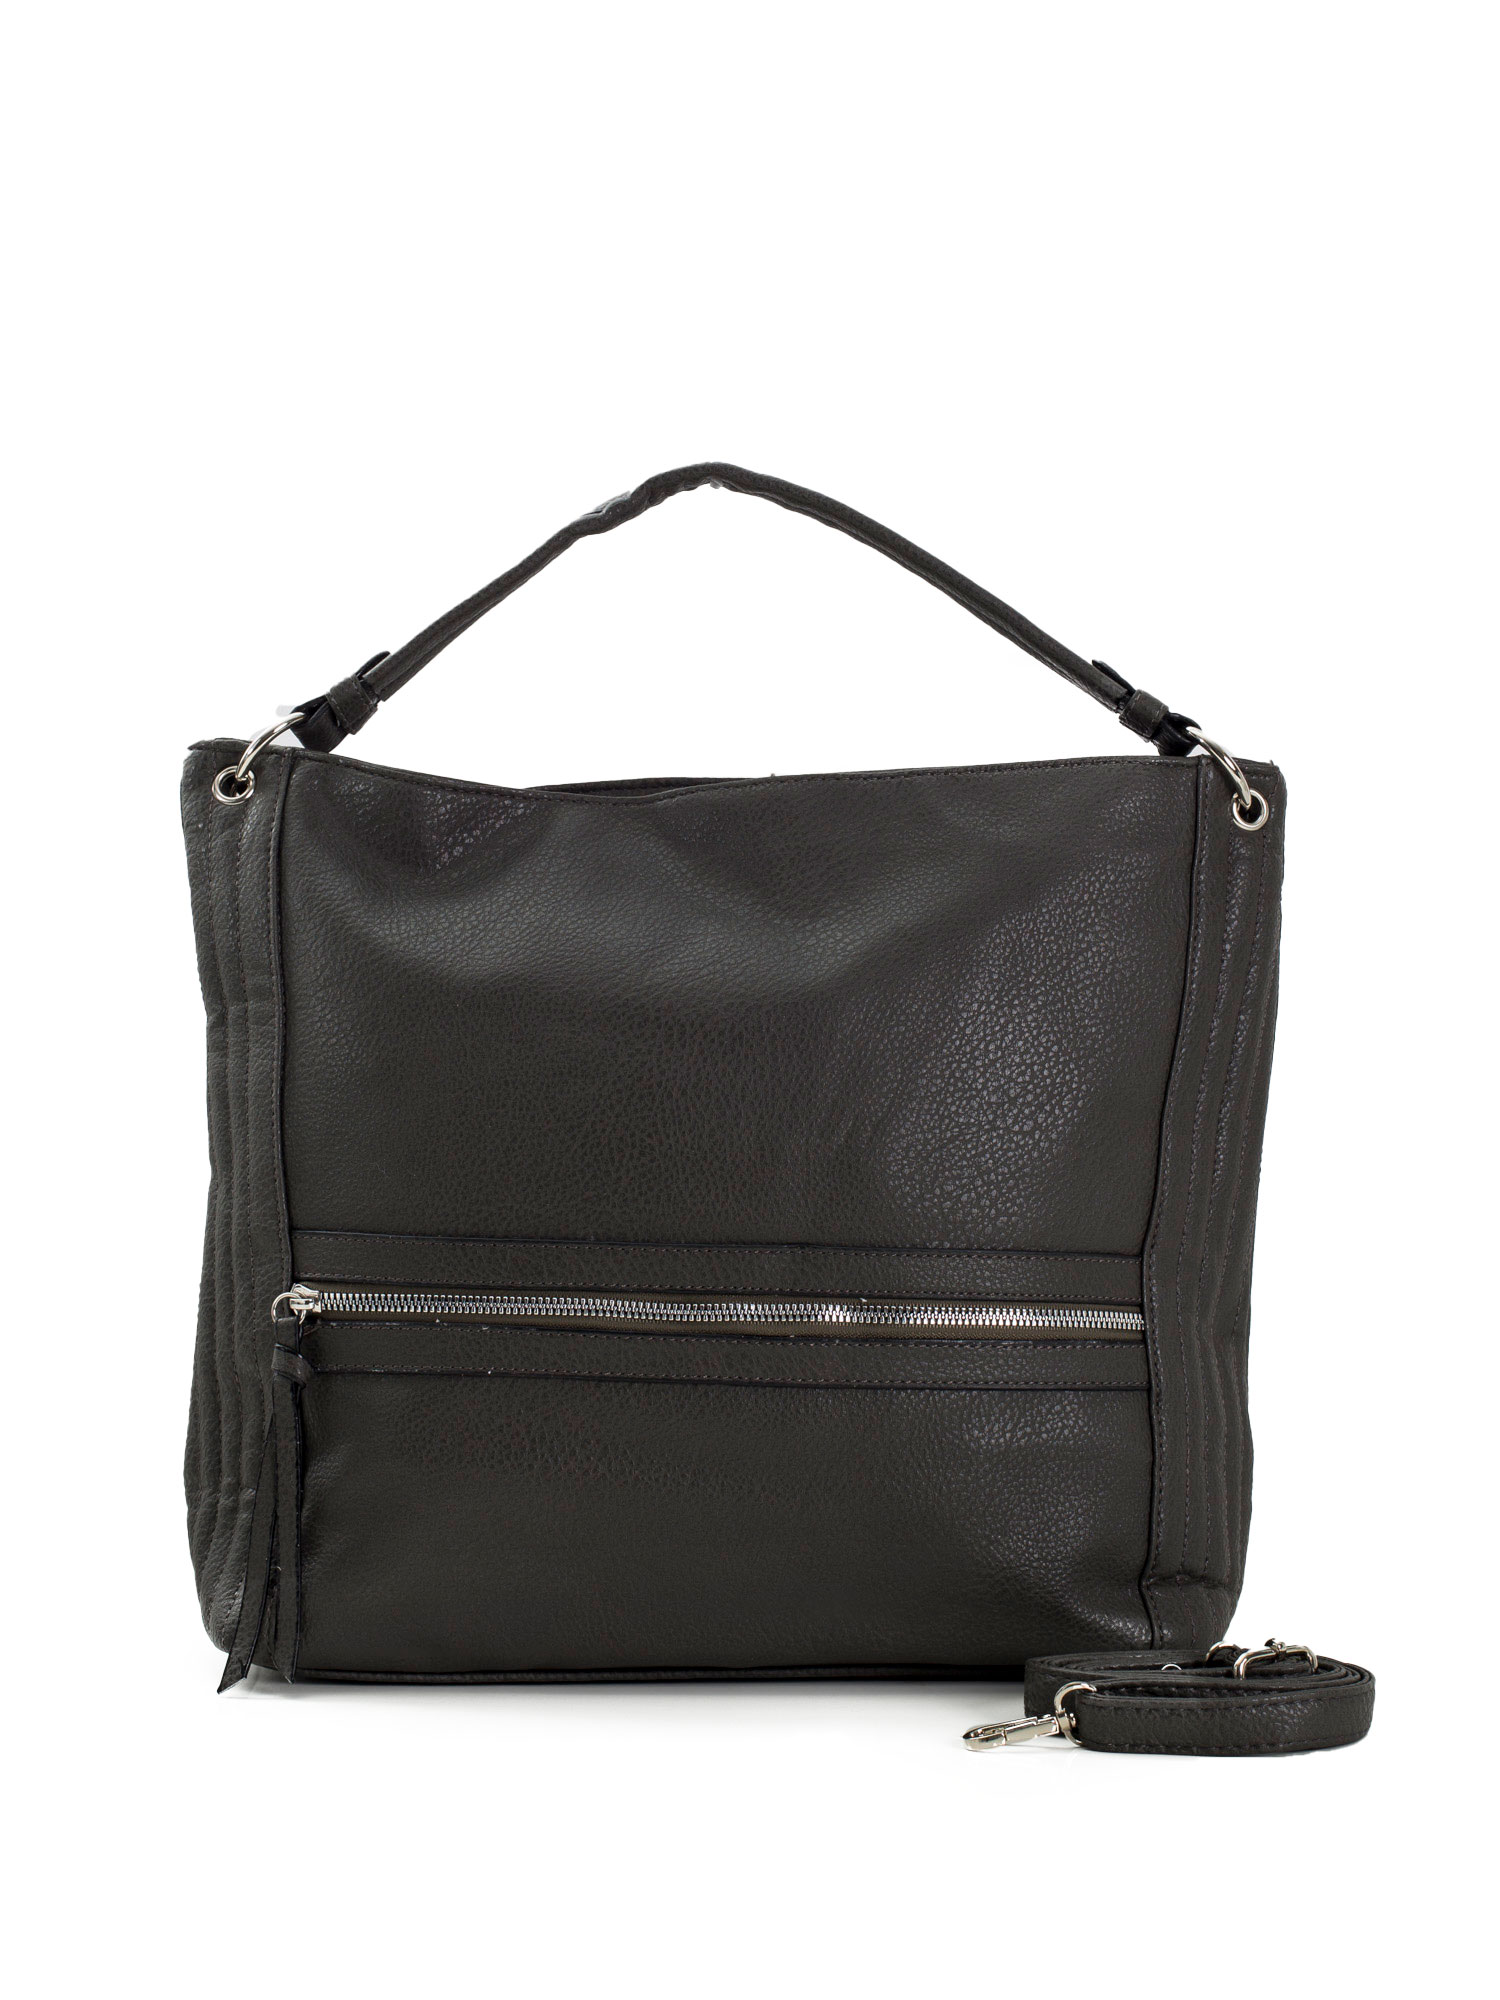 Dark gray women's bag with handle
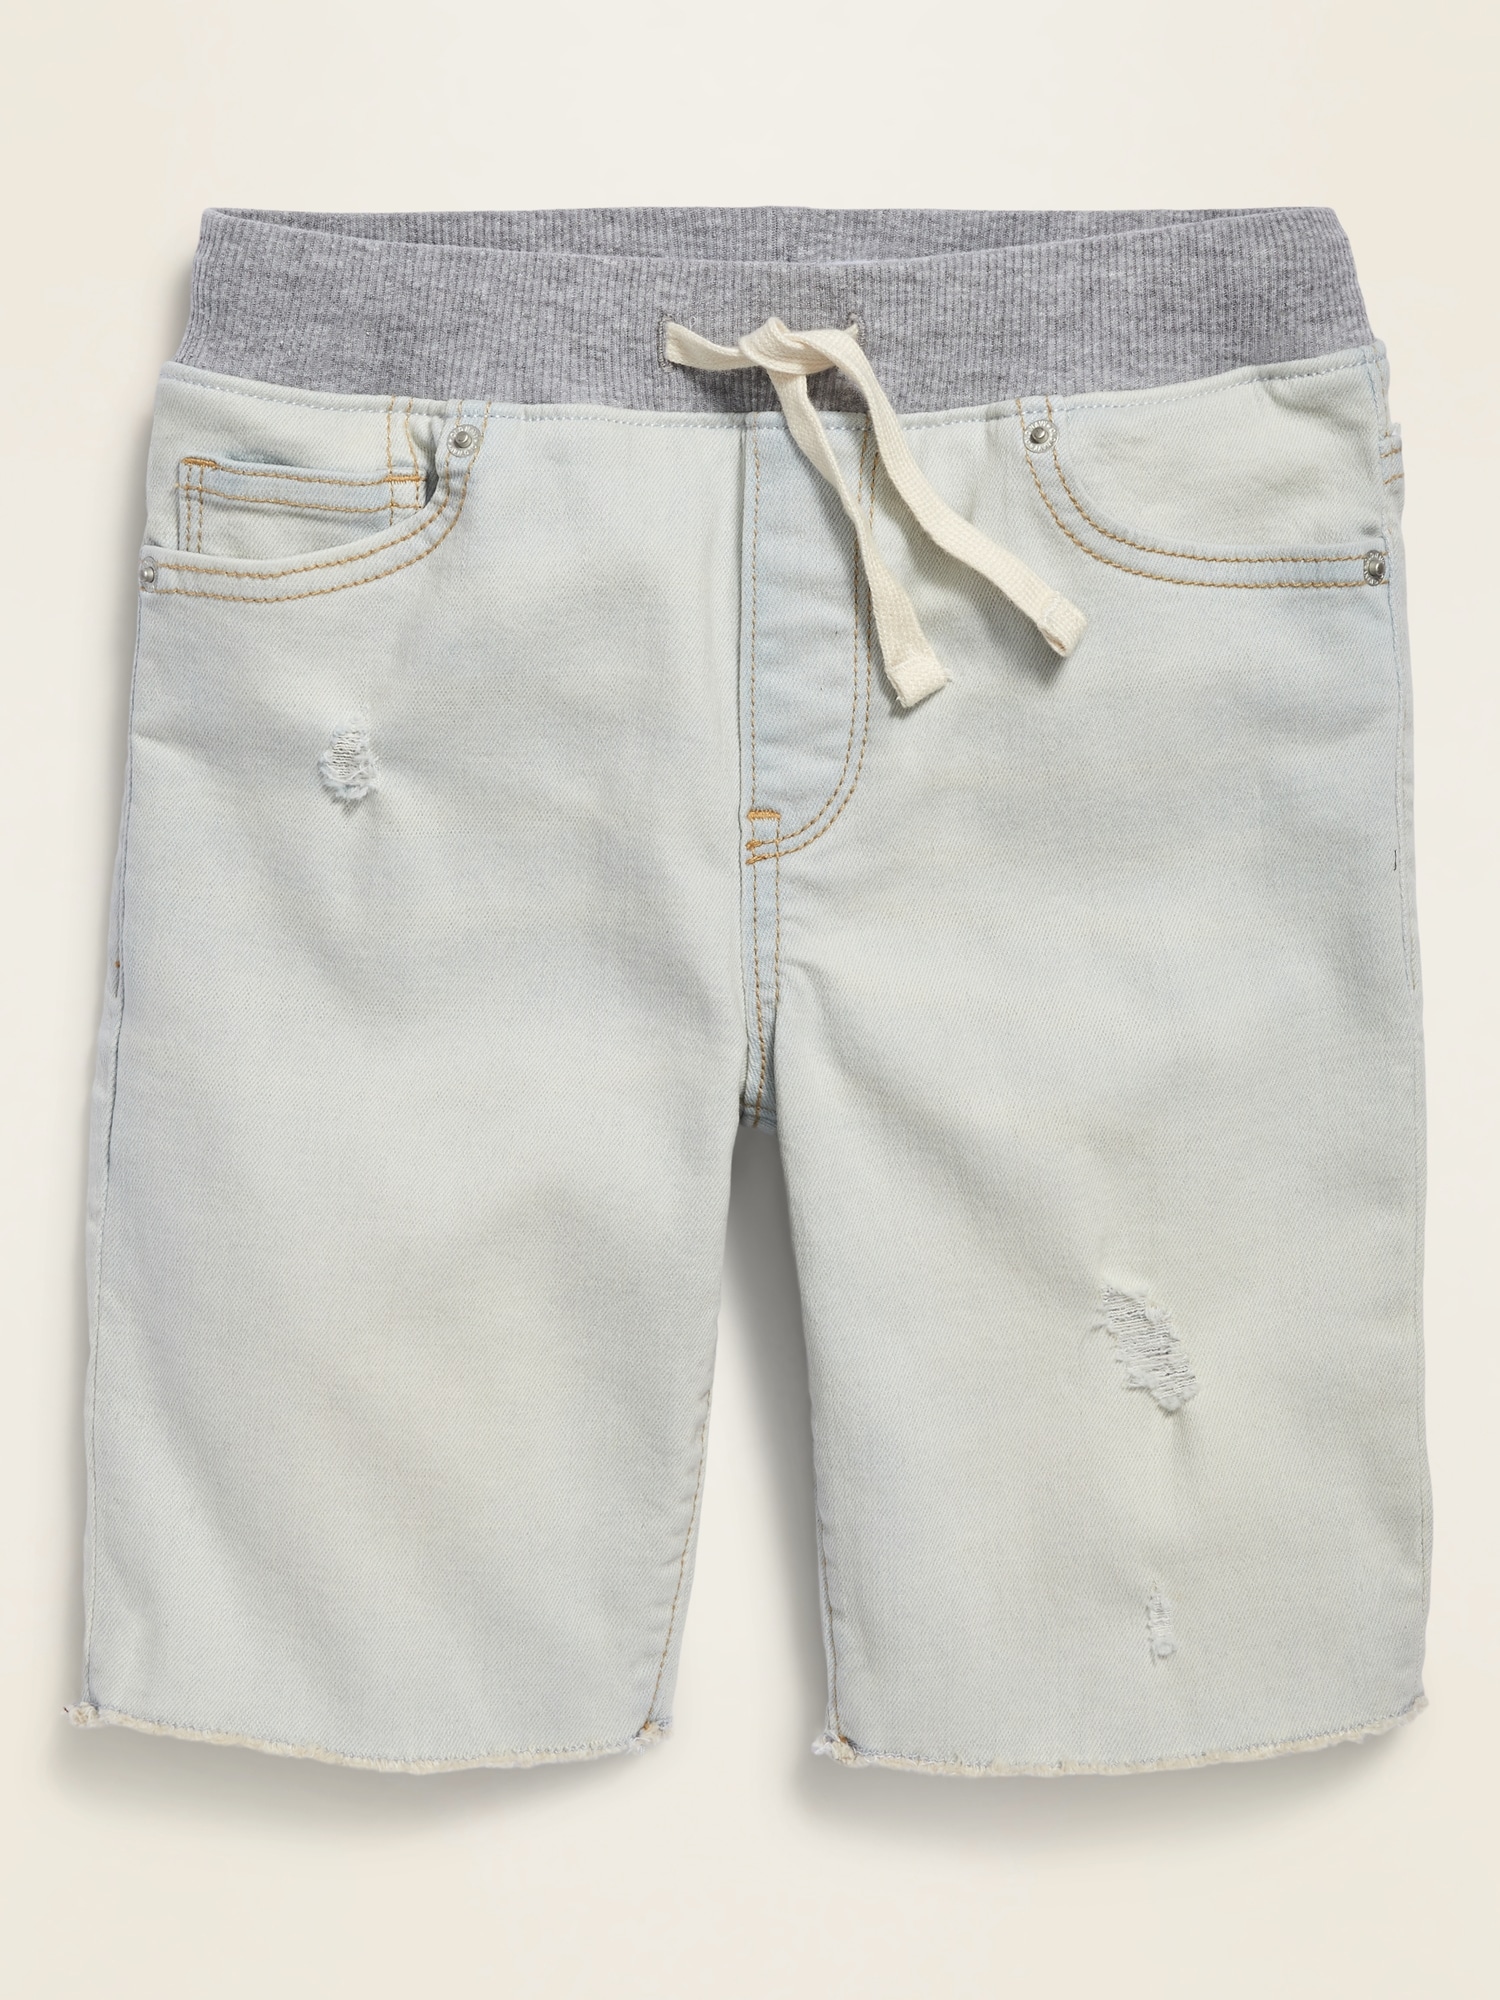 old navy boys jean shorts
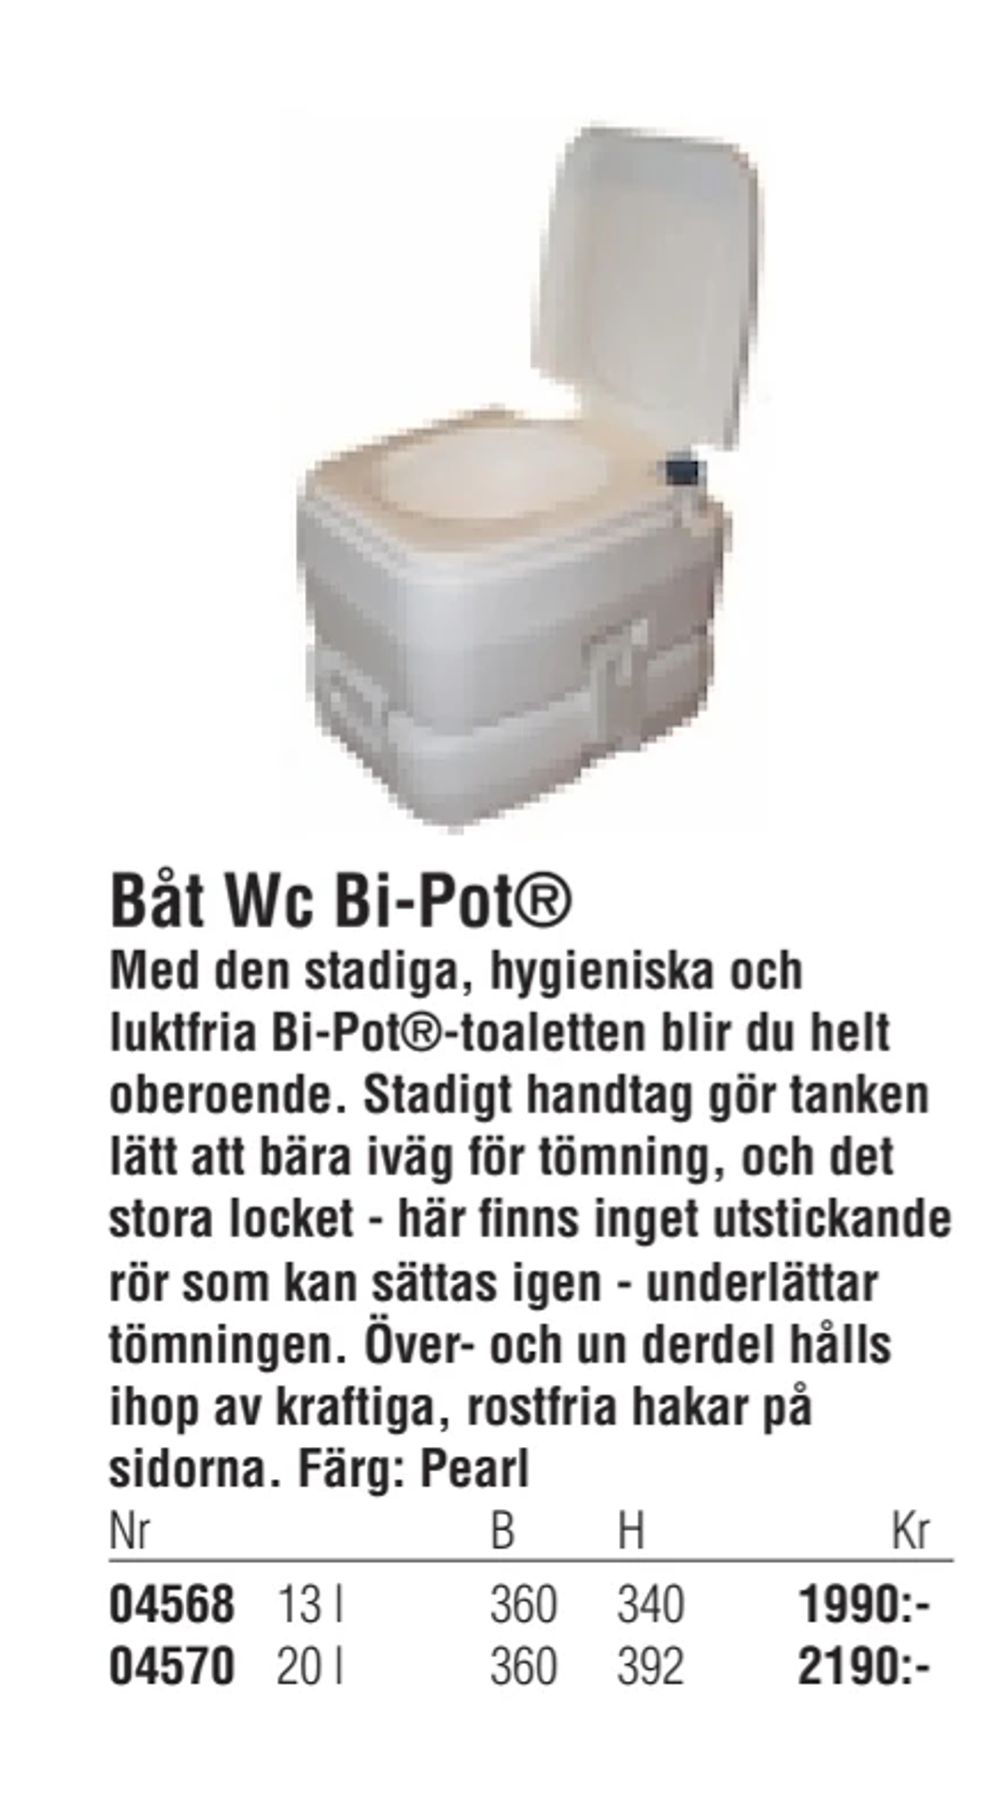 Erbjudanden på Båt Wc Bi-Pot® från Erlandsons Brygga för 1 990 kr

#####

> _What this task involves_
Set aside the pictures. Then return every line of the material above verbatim.

> _Response box_
 Dark gray women's bag with handle
 old navy boys jean shorts
 Erbjudanden på Båt Wc Bi-Pot® från Erlandsons Brygga för 1 990 kr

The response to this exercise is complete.